Note. See the Appendix for the descriptions of the data sets.

Analysis

The three item-score reliability methods and the four accepted item indices were estimated for each data set. Listwise deletion was used to accommodate missing values. Within the three data clusters scatter plots were generated for each combination of the seven item indices, showing the relationship between all possible pairs of item indices.
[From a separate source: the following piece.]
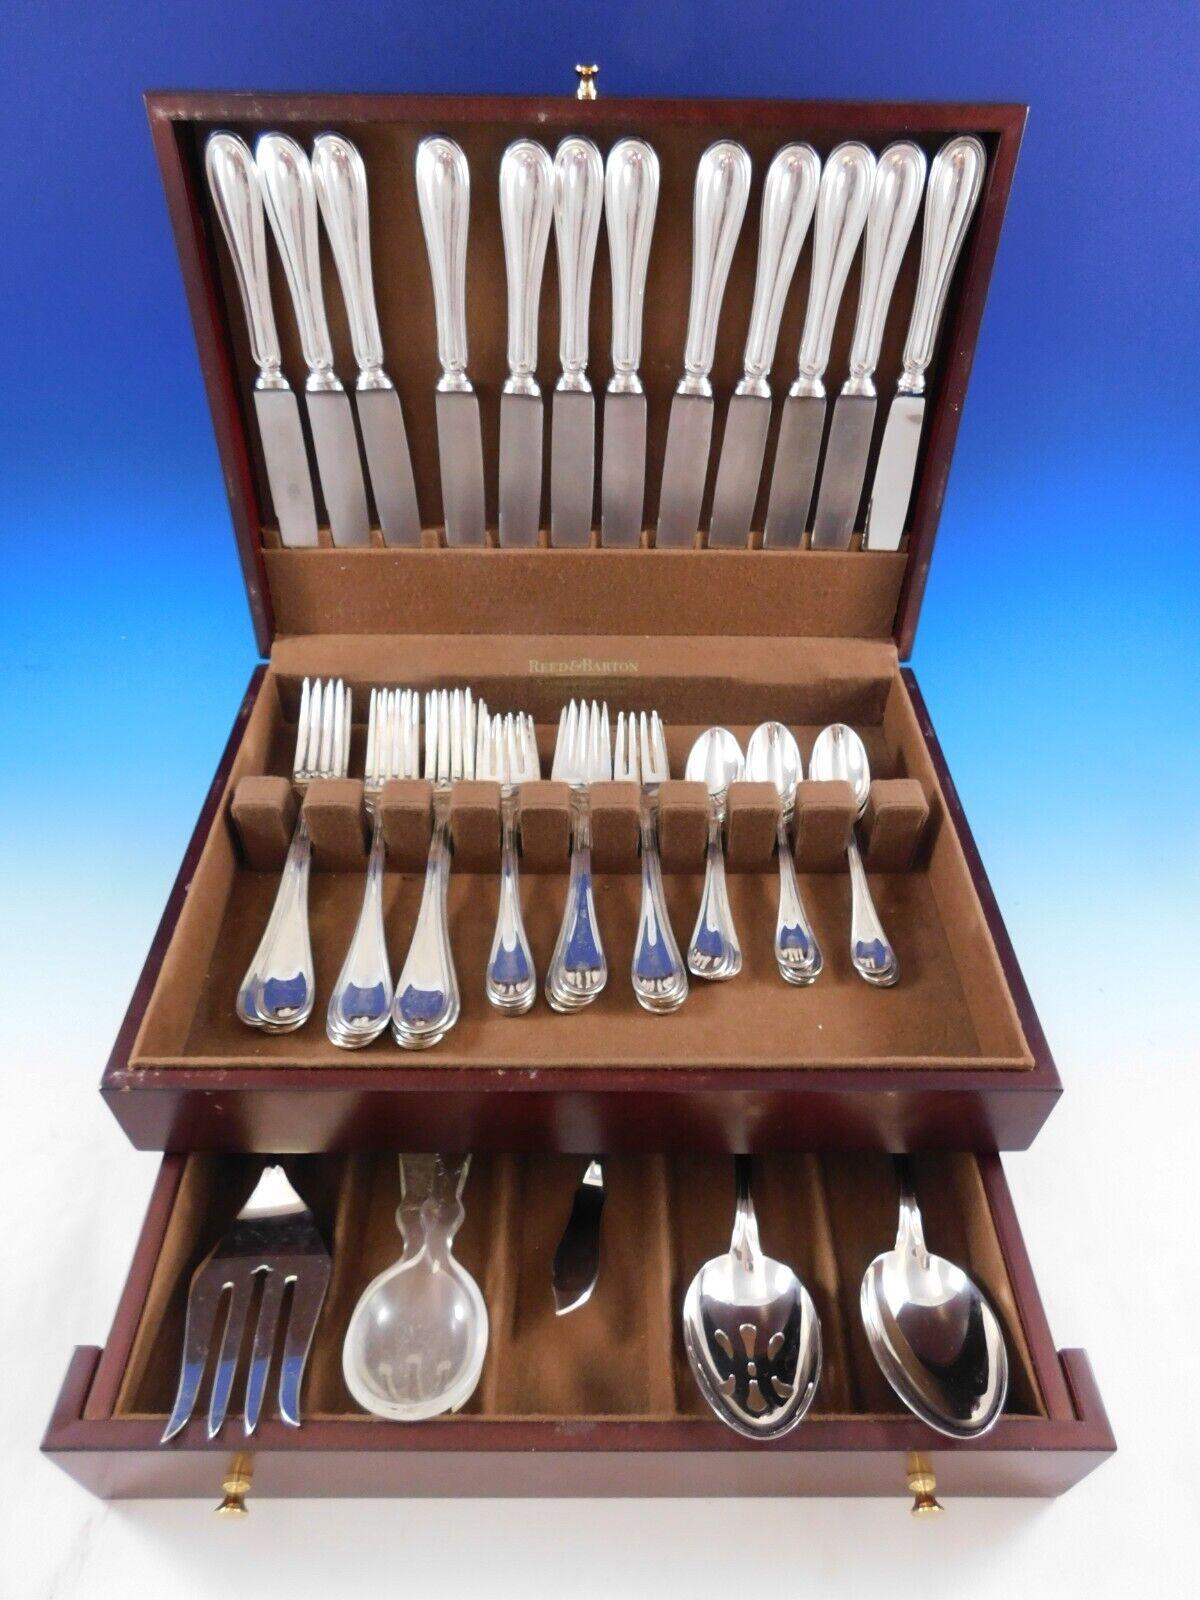 The Giorgio pattern is part of the Italian Collection by Wallace Silversmiths, inspired by traditional European continental size sterling silver flatware. Each place setting is made in a true Continental Size, and in a heavier-than-standard weight.

The three item-score reliability methods use different approaches, but are all intended to approximate true item-score reliability in Equation (2). Hence, we were interested to know the degree to which the three methods produced the same numerical values. Numerical identity was expressed by means of the coefficient of identity (Zegers & Ten Berge, 1985), which runs from −1 to 1, with higher positive values meaning that the values of the two indices studied are more alike, and the value 1 meaning that they are numerically identical. The product-moment correlation provides identity up to a linear transformation, thus it does not provide the exact information we were interested in but it was also given because it is well known and provides approximately, albeit not precisely, the information required. When assessing the relationship between an item-score reliability method and each of the other four item indices or among the latter four indices, one needs to realize that indices in each pair estimate a different parameter. Hence, in considering the degree to which two different indices suggest item quality is in the same direction, an ordinal association measure is sufficient. We used Kendall’s $τ$ to express this association, and even though it was not quite optimal for our purposes, we provided the product-moment correlation for completeness.

To investigate what values can be expected for the item-score reliability methods at the cutoff values for the other item indices, we regressed each of the three item-score reliability methods on each of the four item indices, thus, producing 12 bivariate regression equations. This enabled us to estimate the item-score reliability at the cutoff value of the item index (.3 for item-rest correlation, .3 for item-factor loading, .3 for item scalability, and .7 for item discrimination), for every combination of item-score reliability method and item index giving an indication of what a good cutoff value would be for the values estimated by the item-score reliability methods.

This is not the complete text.